- Short report
- Open Access
Long-term respiratory follow-up of H1N1 infection
- Paul Zarogoulidis1Email author,
- George Kouliatsis2,
- Nikolaos Papanas1,
- Dionysis Spyratos1,
- Theodoros C Constantinidis3,
- Ioannis Kouroumichakis1,
- Paschalis Steiropoulos1,
- Maria Mabroudi4,
- Dimitris Matthaios1,
- Theodora Kerenidi5,
- Nikolaos Courcoutsakis6,
- Konstantinos Zarogoulidis4 and
- Efstratios Maltezos1
© Zarogoulidis et al; licensee BioMed Central Ltd. 2011
- Received: 6 June 2011
- Accepted: 25 June 2011
- Published: 25 June 2011
The first case of 2009 pandemic influenza A (H1N1) virus infection was documented in our Hospital on 10th August 2009.
Metdods and findings
Real-time reverse-transcriptase-polymerase-chain-reaction (RT-PCR) testing was used to confirm the diagnosis. All patients were treated with oseltamivir from the first day of hospitalization. Upon admission 12/44 had local patchy shadowing in their chest x-ray and additionally antibiotic regimen was added to these patients as pneumonia was suspected based on clinical evidence. In total 44 patients were hospitalized 15/44 had asthma, 6/44 COPD, 5/44 leukemia. Lung function was evaluated with forced vital capacity, forced expiratory volume in 1 sec and diffused carbon monoxide upon discharge and every 3 months, until 6 months of observation was completed after discharge. The purpose of this retrospective cohort study was to evaluate whether influenza A (H1N1) had an impact on the respiratory capacity of the infected patients.
An improvement of pulmonary function tests was observed between the first two measurements, implicating an inflammatory pathogenesis of influenza A (H1N1) to the respiratory tract. This inflammation was not associated with the severity or clinical outcome of the patients. All patients had a mild clinical course and their respiratory capacity was stable between the second and third measurement, suggesting that the duration of respiratory inflammation was two months.
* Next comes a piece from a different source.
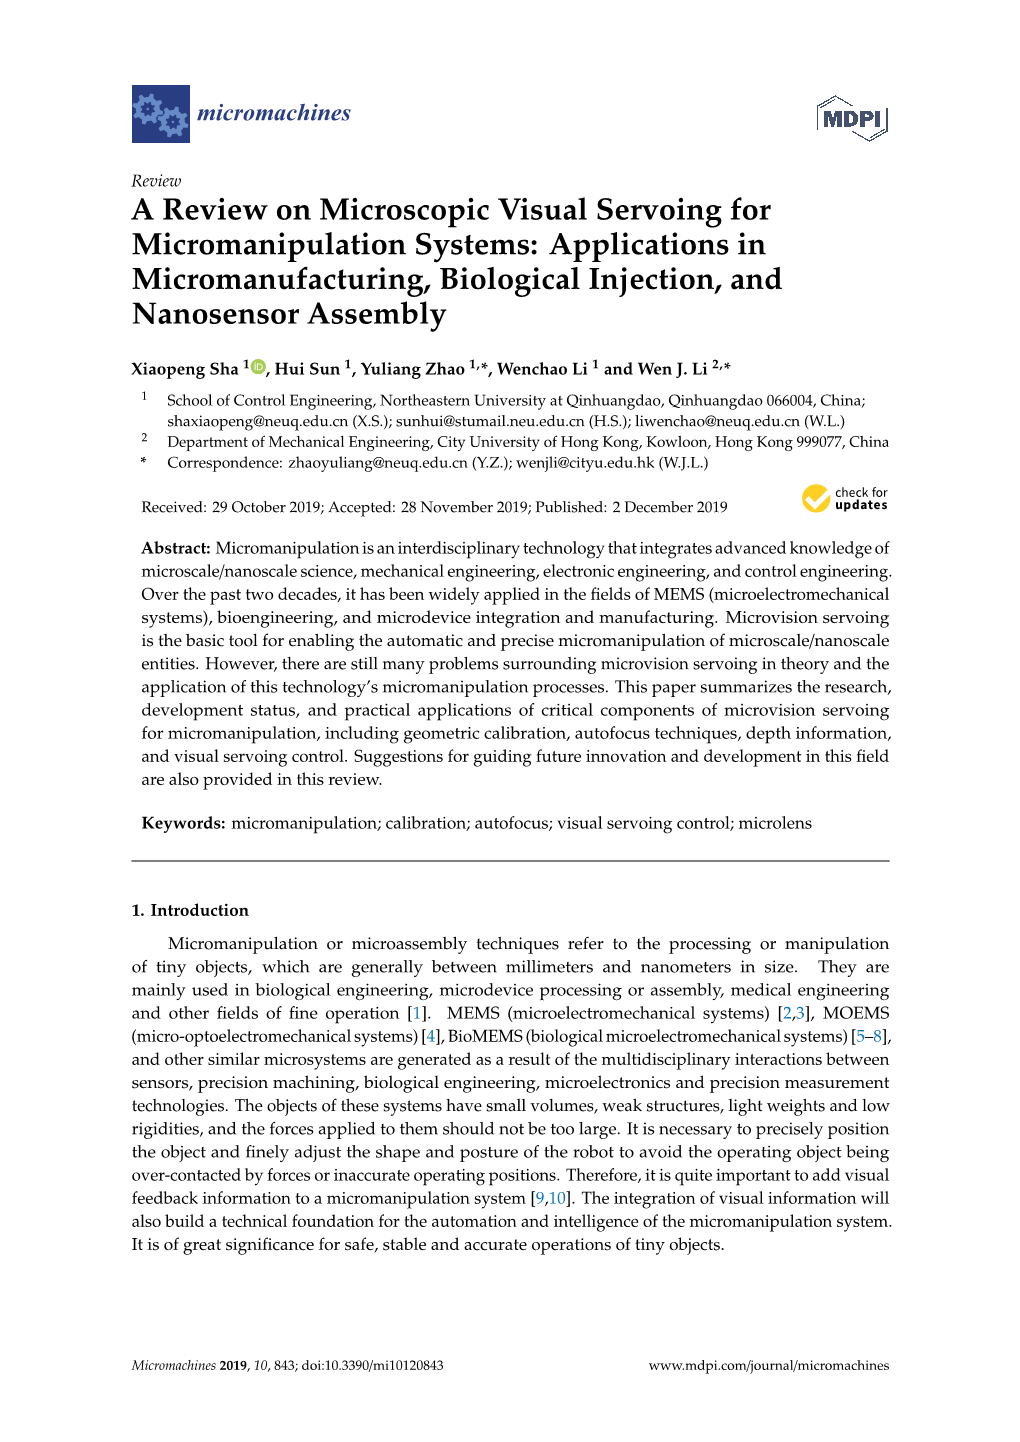 A Review on Microscopic Visual Servoing for Micromanipulation Systems: Applications in Micromanufacturing, Biological Injection, and Nanosensor Assembly

Early treatment with antiviral agents and vaccination represent the mainstay of management.
- Influenza Virus
- Force Vital Capacity
- Pandemic Influenza
The first human infections with the new influenza A (H1N1) virus were confirmed in April 2009 in America, but the infection had been rapidly spreading around the world and in June 2009 World Health Organization (WHO) declared a pandemic [1–5]. WHO had advised countries in the northern hemisphere to prepare for a second wave of pandemic spread . To date, almost all countries in the world have confirmed a second wave of H1N1 virus [7, 8]. For this reason a working group of WHO member states agreed on a pandemic influenza preparedness framework . The reason for creating this framework began with the need for real time virological data exchange among laboratories in different countries upon a pandemic outbreak [10, 11]. The H1N1 virus has resulted from a triple recombination containing genes from human, avian, and swine influenza virus [12, 13]. The incidence, clinical characteristics and factors affecting the patients outcome of the first wave have been well described in previous published studies [14–17]. However, while the numbers of positive H1N1 patients were lower, the hospitalisation rates were higher in comparison to the numbers and rates of 2009. In addition, the proportion of hospitalised cases admitted to intensive care units (ICU) was higher in 2010. The reason for these differences are not yet completely clear. There has been no obvious change in the severity of pandemic influenza A (H1N1) 2009 disease thresholds for hospital and ICU admission . Three possible explanations were given. First, a new pandemic influenza A (H1N1) genetic variant predominated in the winter 2010 influenza season . The Influenza A (H1N1) 2009 strain had undergone mutation in the hemagglutin. This mutation was associated with severe clinical outcome in comparison to the usual influenza A (H1N1) 2009 strain [7, 18, 19]. Secondly, resistance to oseltamivir developing from the first wave reached a peak in the 2010 pandemic [20, 21]. Thirdly, it has been reported that this year's seasonal vaccine effectiveness was moderate, suggesting an insufficient protective effect against the second wave of influenza A (H1N1) [22–27].
In this retrospective study, we evaluated the respiratory capacity of 44 patients admitted to the Unit of Infectious Diseases (UID) of our hospital from 10th August 2009 to 15th November 2010. These were followed with Forced Vital Capacity (FVC), Forced Expiratory Volume in 1 sec (FEV1) and Carbon Monoxide Diffusing Capacity (DLCO) for a period of six months after their discharge. The rationale for the study was published data that H1N1 presents with hypoxemia and acute respiratory distress syndrome (ARDS) [14–17, 28, 29]. In addition, we examined the clinical characteristics of these patients.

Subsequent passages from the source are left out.